| Goal of the exercise |
A faithful copy of the data is what is wanted, minus any pictures.

| Data |
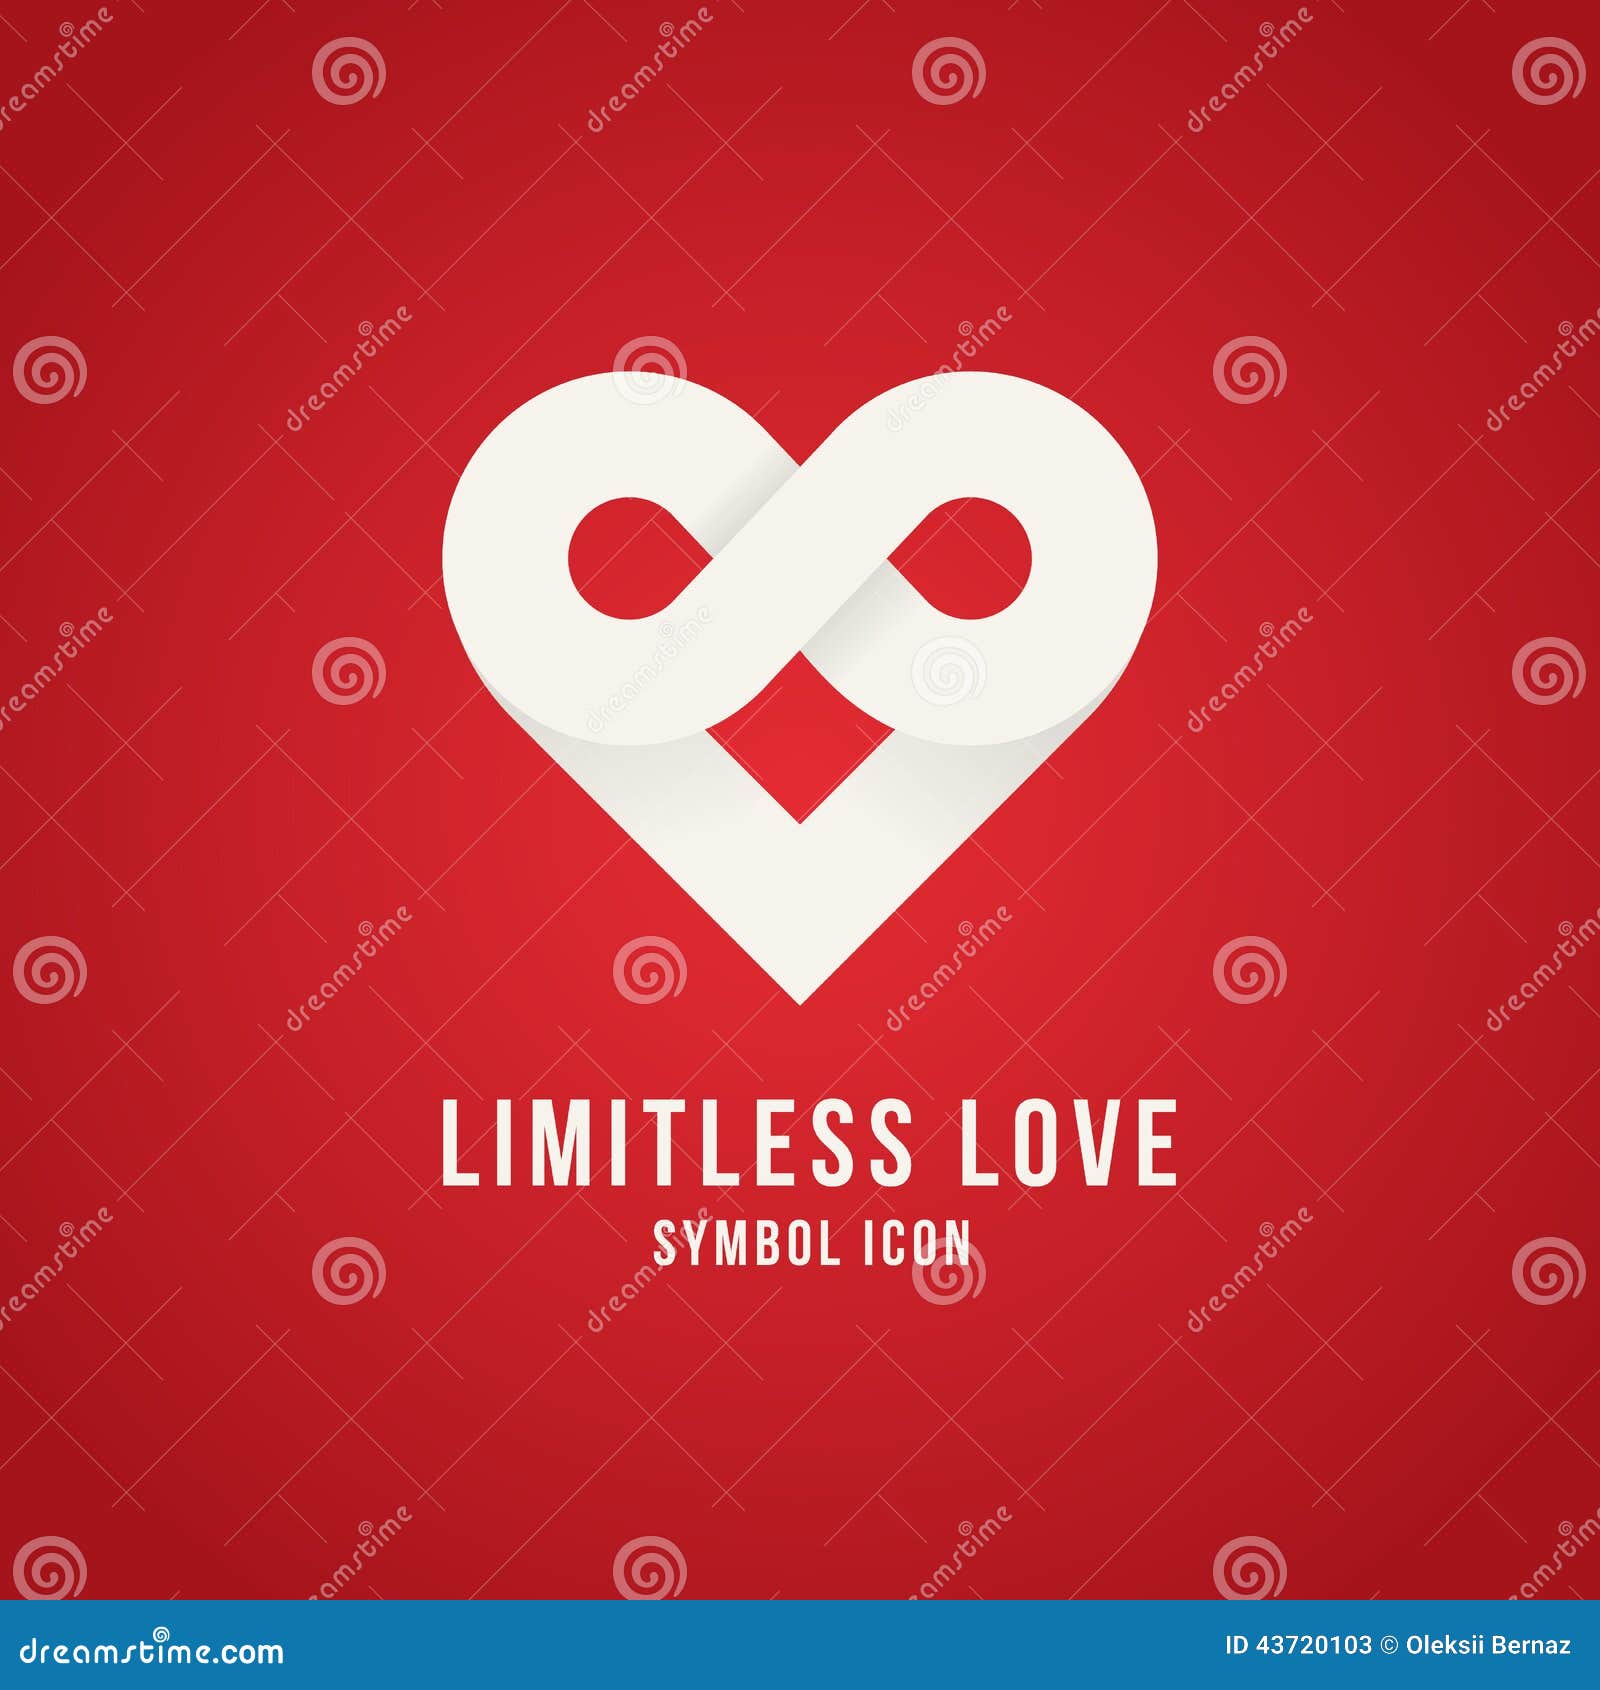 limitless love  concept  icon logo
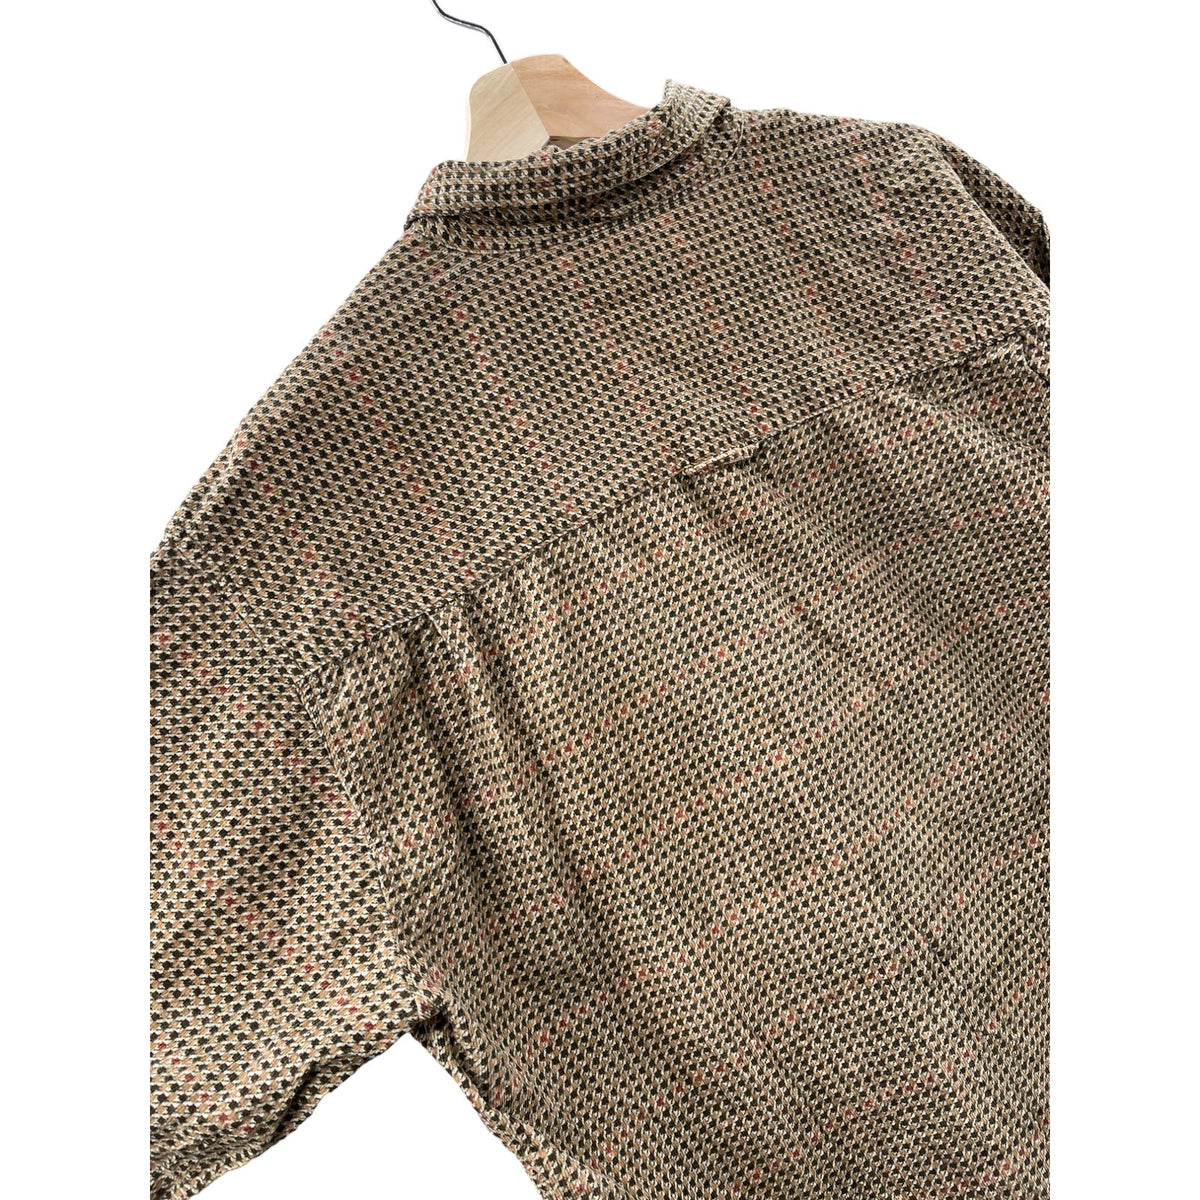 Vintage 1990's Oobe Brown Microcheck Corduroy Button Down Shirt
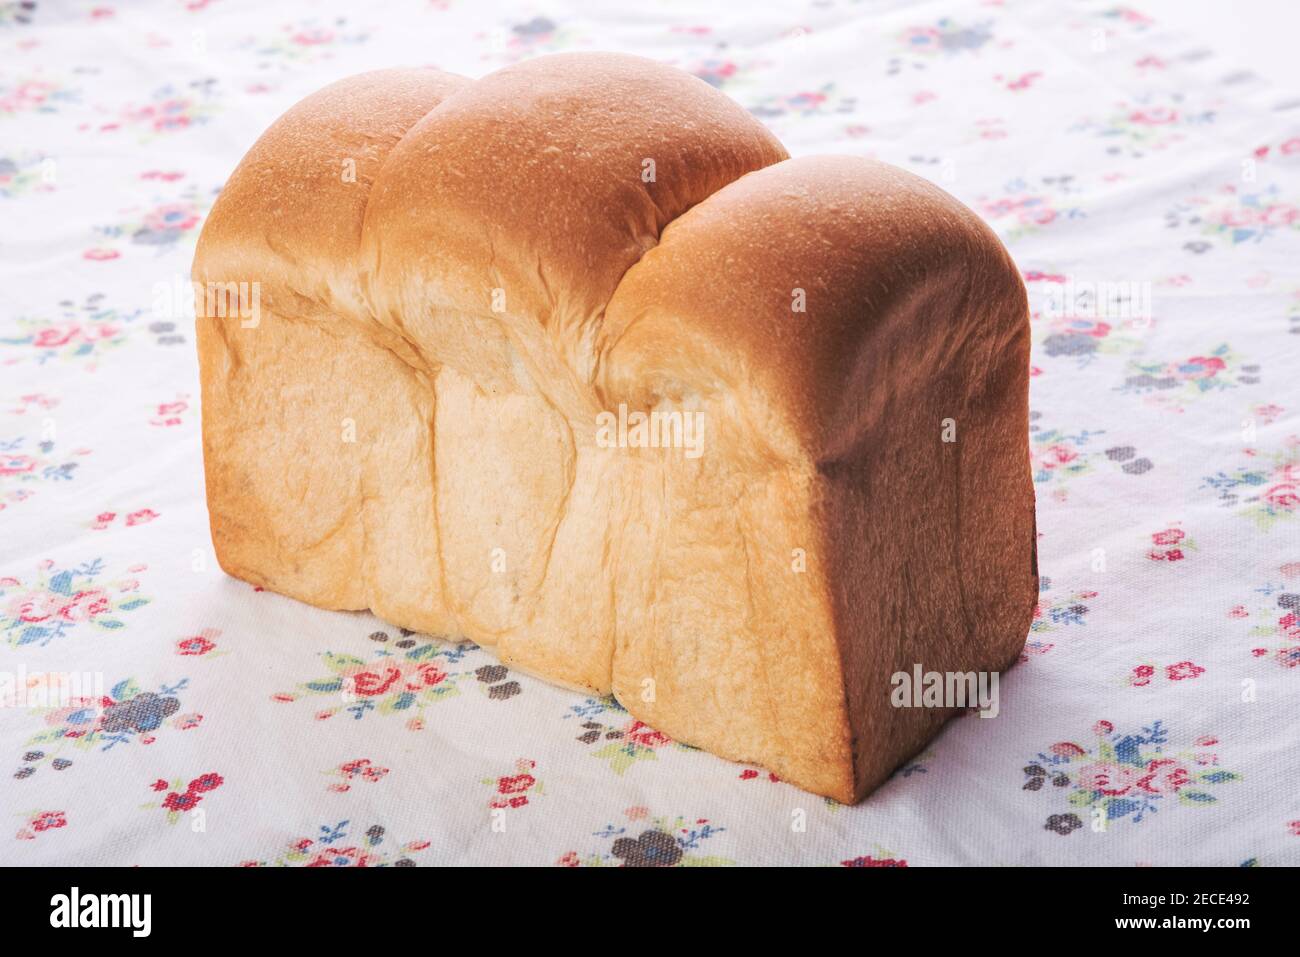 Japanese Bread homemade Stock Photo

| Written answer |
 limitless love  concept  icon logo
 Vintage 1990's Oobe Brown Microcheck Corduroy Button Down Shirt
 Japanese Bread homemade Stock Photo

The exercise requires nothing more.